# Hey, are my gloves fake??



## zoso

Hey all I'm new to Muay Thai, and even newer to this board so hello everyone!

I recently purchased a pair of gloves over the internet Labelled as 16oz Twins.

My instructor seriously doubted their authenticity at training and the size difference between his and mine (which are meant to be the same gloves!) was considerable. Mine appear very small for 16oz.

Twins usually have the weight in white writing on the velcro wrist strap - mine doesn't.

My pair also has a little label (attached to the main 'Twins' label) which just says '16'. I've failed to see this on my instructors pair of gloves, or any other on the internet!

Also there is no black marking which says made in thailand which most twins gloves usually have from what I've seen. 

I've attached pictures so you can see for yourself and then tell me whether I'm gonna send 'em back!

http://i845.photobucket.com/albums/ab15/zoso_bucket/SA400345.jpg

http://i845.photobucket.com/albums/ab15/zoso_bucket/SA400344.jpg

http://i845.photobucket.com/albums/ab15/zoso_bucket/SA400346.jpg

http://i845.photobucket.com/albums/ab15/zoso_bucket/SA400347.jpg

http://i845.photobucket.com/albums/ab15/zoso_bucket/SA400349.jpg

http://i845.photobucket.com/albums/ab15/zoso_bucket/SA400350.jpg

http://i845.photobucket.com/albums/ab15/zoso_bucket/SA400351.jpghttp://s845.photobucket.com/albums/ab15/zoso_bucket/?action=view&current=SA400351.jpg


----------



## zoso

just to add - these gloves feel *very* small inside.
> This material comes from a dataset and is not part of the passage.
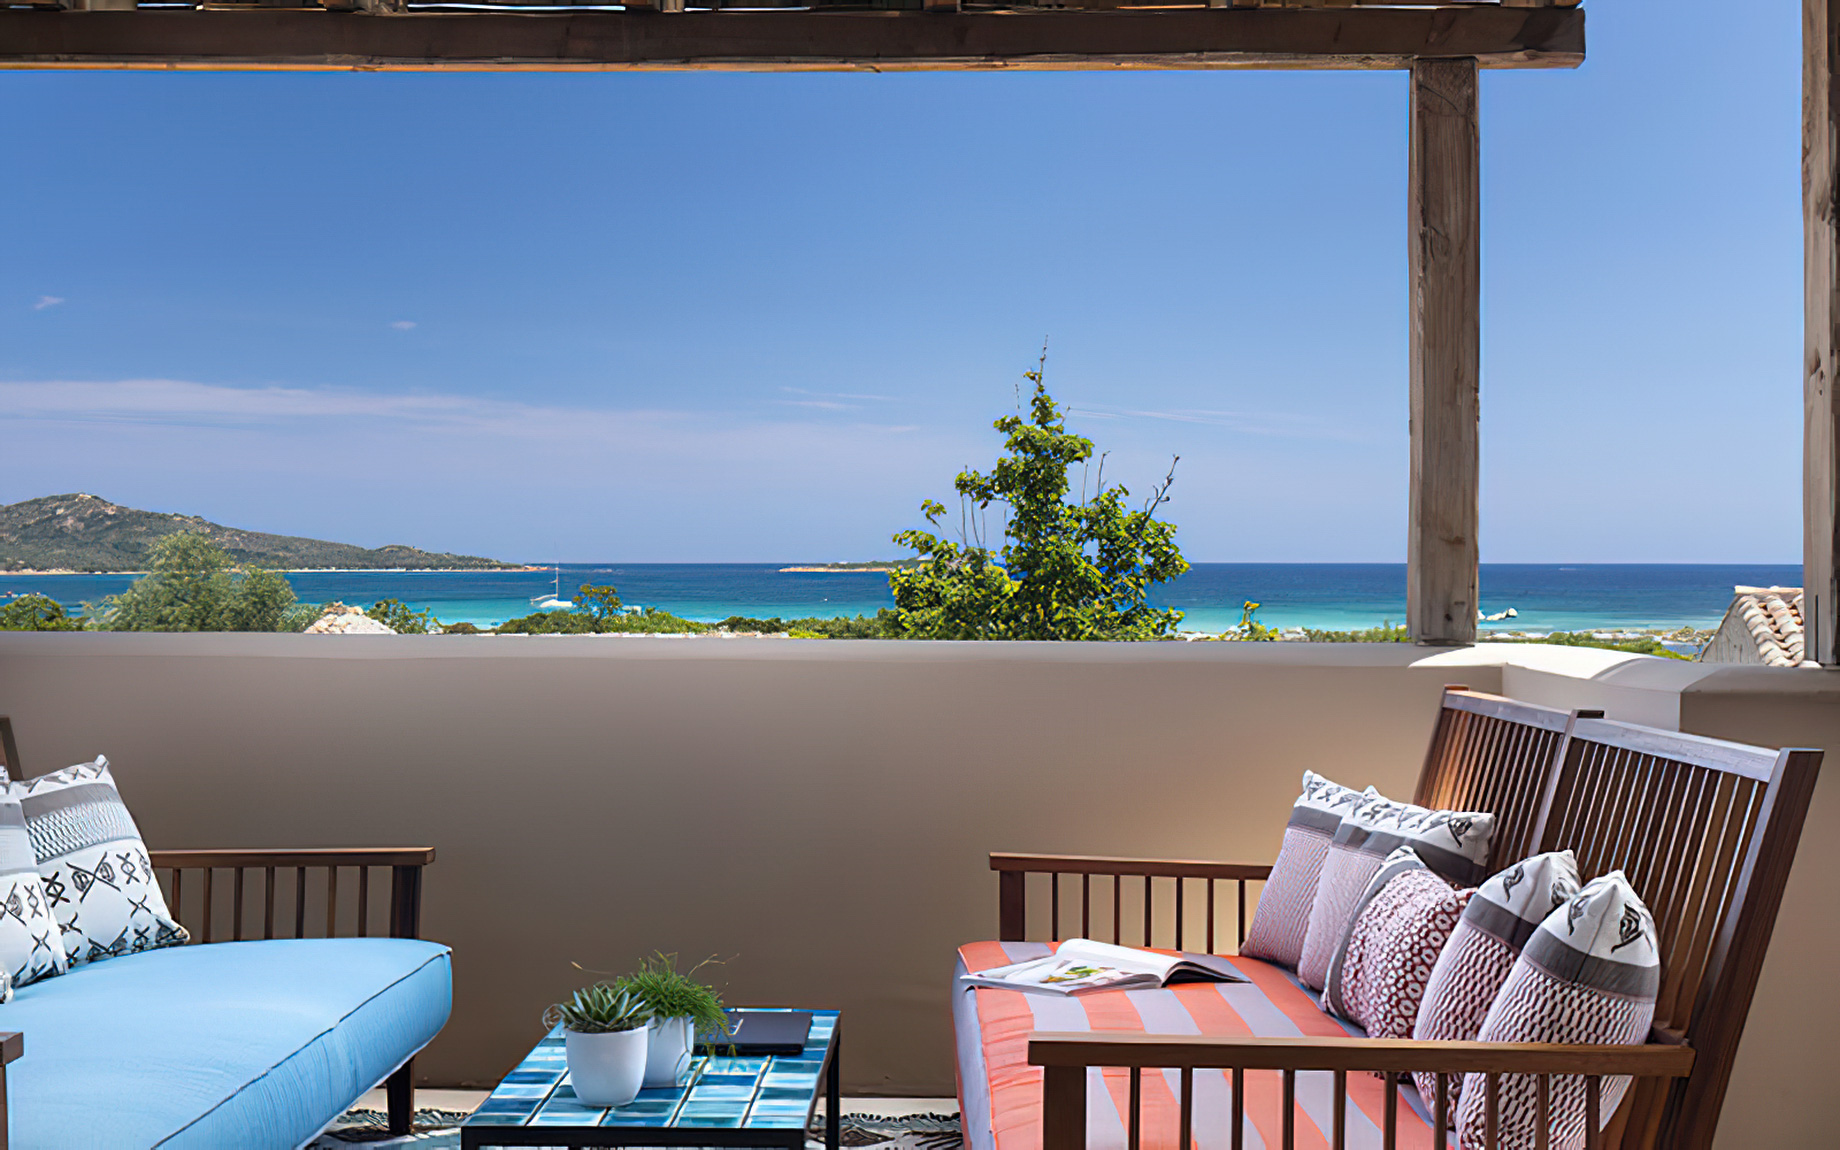 Baglioni Resort Sardinia – San Teodoro, Sardegna, Italy – Maddalena Suite Terrace Sea View
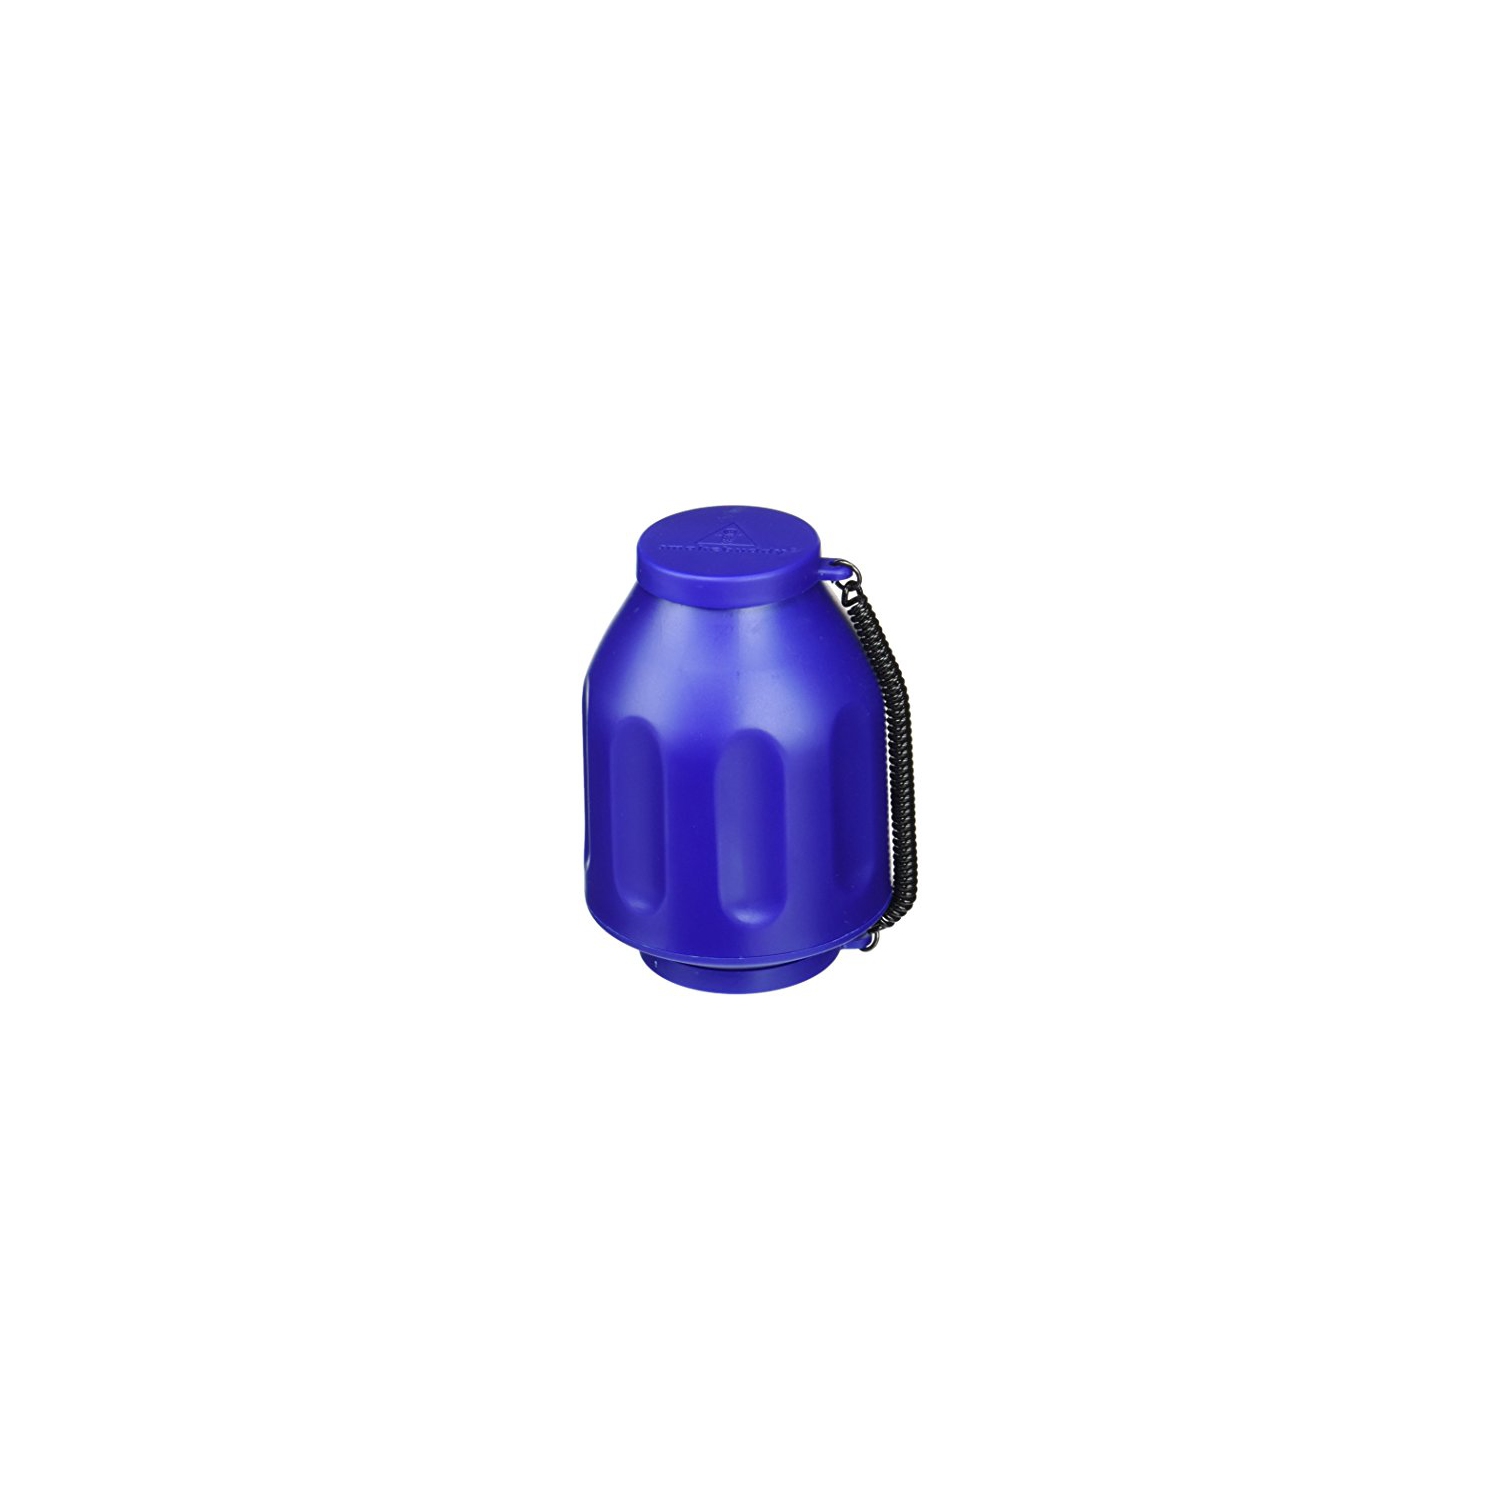 Smoke Buddy 0159-BLU Personal Air Filter, Blue

I have small hands (as you may see from the pics!) and there is no way I can wear wraps with these gloves; that has to be ridiculous for 16oz surely?


----------



## Nolerama

you probably bought small gloves. they do come in different sizes.


----------



## Nolerama

or they could be a substandard glove from the reject pile... but they look like good gloves... however i do suggest that if you don't like their fit, and your training partner doesn't like how they make contact, you should get another set of gloves from a reputable source.


----------



## Tez3

Is there a 'tie' between the thumb and glove, I can't see one and there should be.


----------



## zoso

There is a black strip of material between thumb and glove (if this is the tie??)

I didn't know there where different sizes of gloves, (just knew there were different weights).


----------



## Akira

The do look to be stitched differently around the thumb to the genuine twins gloves. Also, mine had the year they were made (2008) painted on there somewhere. I don't know why but I have an idea that the tag that says the weight has the word 'oz' printed on it as well, not just the number. I might be wrong about that. My gloves are still in Bangkok and I'm on holiday in Australia so I can't compare.

From looking at these, they don't appear genuine, but having said that it's entirely possible that Twins have changed their design in the 10 months since I bought a pair.

Where did you buy them from?

Best thing I think for you to do is email Twins direct, they're pretty good to deal with.

twins@samart.co.th

Please let us know what the response is. Good luck.


----------



## Tez3

Akira said:


> The do look to be stitched differently around the thumb to the genuine twins gloves. Also, mine had the year they were made (2008) painted on there somewhere. I don't know why but I have an idea that the tag that says the weight has the word 'oz' printed on it as well, not just the number. I might be wrong about that. My gloves are still in Bangkok and I'm on holiday in Australia so I can't compare.
> 
> From looking at these, they don't appear genuine, but having said that it's entirely possible that Twins have changed their design in the 10 months since I bought a pair.
> 
> Where did you buy them from?
> 
> Best thing I think for you to do is email Twins direct, they're pretty good to deal with.
> 
> twins@samart.co.th
> 
> Please let us know what the response is. Good luck.


 

Thats a good idea! Ours were bought in Thailand so perhaps it's hard to compare between home and export but this suggestion is the best.


----------



## zoso

I've emailed Twins and got a response. They described them as "strange" but would not clarify their authenticity. Later this day I went back to the guy I bought them off and got a full refund.


----------



## Akira

Good result mate, I'm glad it got resolved.


----------